The one, on the other hand, who trusts in the Lord, whose trust IS the Lord, is blessed like a tree that is planted right next to a flowing stream. If we listen to the word of God and trust in His promises, we will have a happy, fruitful life even if everything around us is going to pieces. I’ll explain more about that in a moment, but now we can turn to the rich man and Lazarus.
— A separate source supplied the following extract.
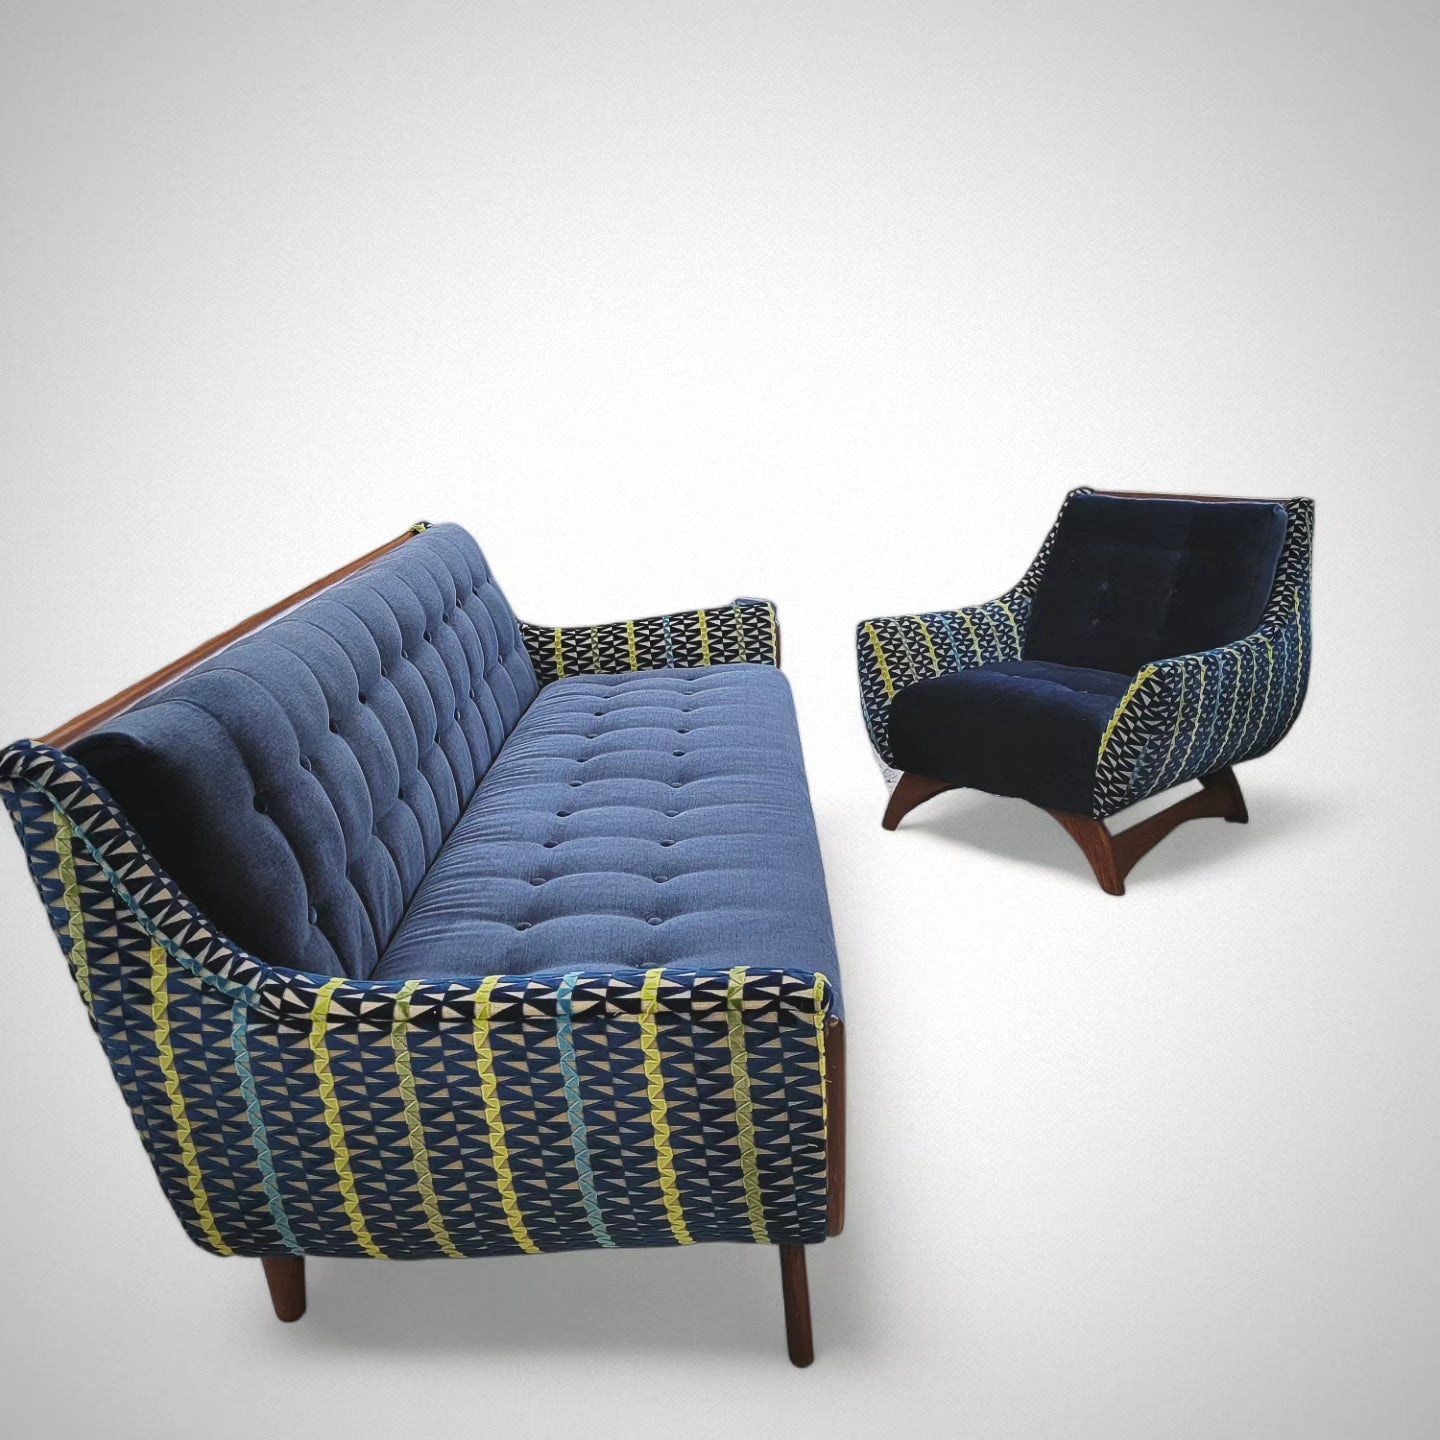 Mid Century Modern Adrian Pearsall Gondola Sofa and Adrian Pearsall Lounge Chair Newly Upholstered - 2 Piece Set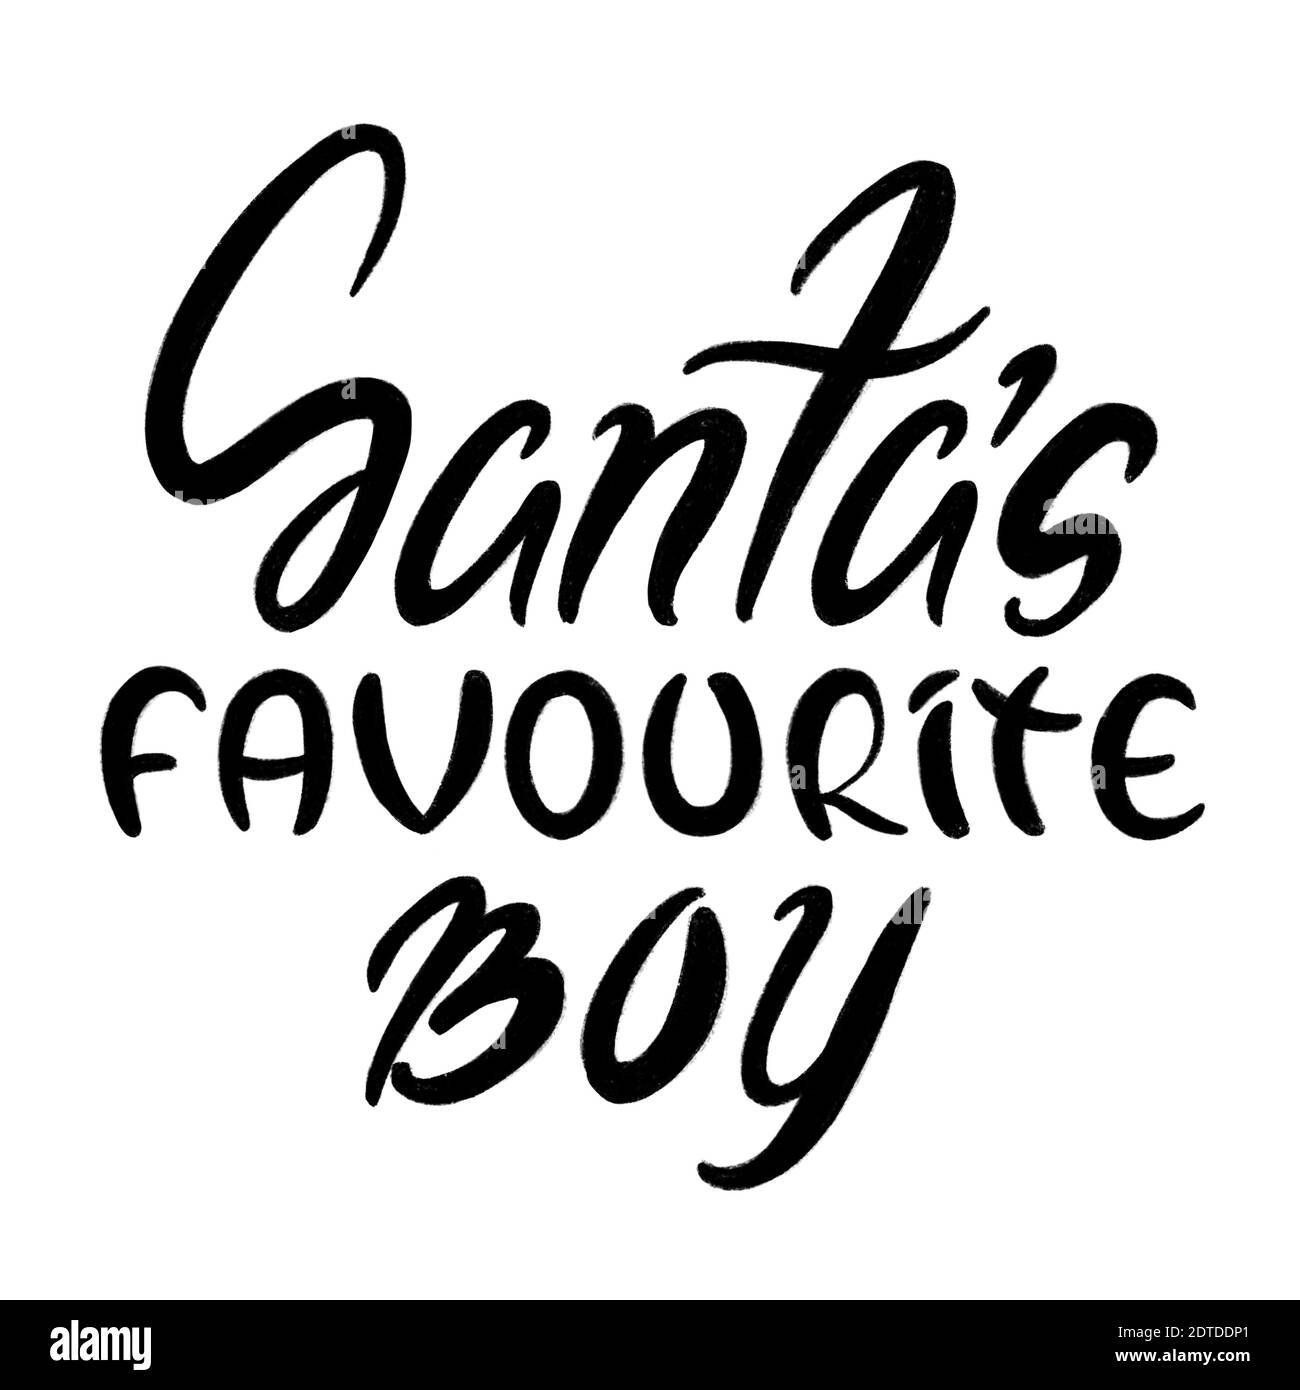 Santa's favorite BOY - funny Christmas calligraphy phrase. Good for baby and child clothes, poster, banner, mug, and gift decortaion. Stock Photo

The rich man treats himself like an emperor–he even wears purple, linen garments, something totally out of reach to the poor and middle class. And he gives himself a banquet in this life, it says, every day. Lazarus is in wretched condition laid out at his gate, begging for scraps from the banquet. We aren’t told whether he actually got any; the implication is that the only beings who paid him any attention were dogs that came to lick his sores. So they both die, and the poor man is rewarded for his faithfulness by lying in the arms of Father Abraham, progenitor of the Hebrew race. The unnamed rich jerk is buried, and his soul goes to Hades, which is the Greek version of Sheol, the place of the dead and forgotten. He raises his eyes toward heaven and sees Abraham and Lazarus and longs for a drop of water, given in compassion by Lazarus. But it is impossible. He will live–sort of live–forever with an unquenchable thirst, tormented by flames. Yes, he went to hell. He lived on earth in selfishness, in concerns only for his own comfort and pleasure, so there was nothing of substance in his soul when he died. What a waste. Meanwhile, Lazarus learned the lesson of the Sermon on the Mount: Blessed are the poor, for theirs is the kingdom of God. He was poor and humble in possessions and in spirit, and thus came to be invited to the eternal banquet. In whatever way we can, we should imitate that example.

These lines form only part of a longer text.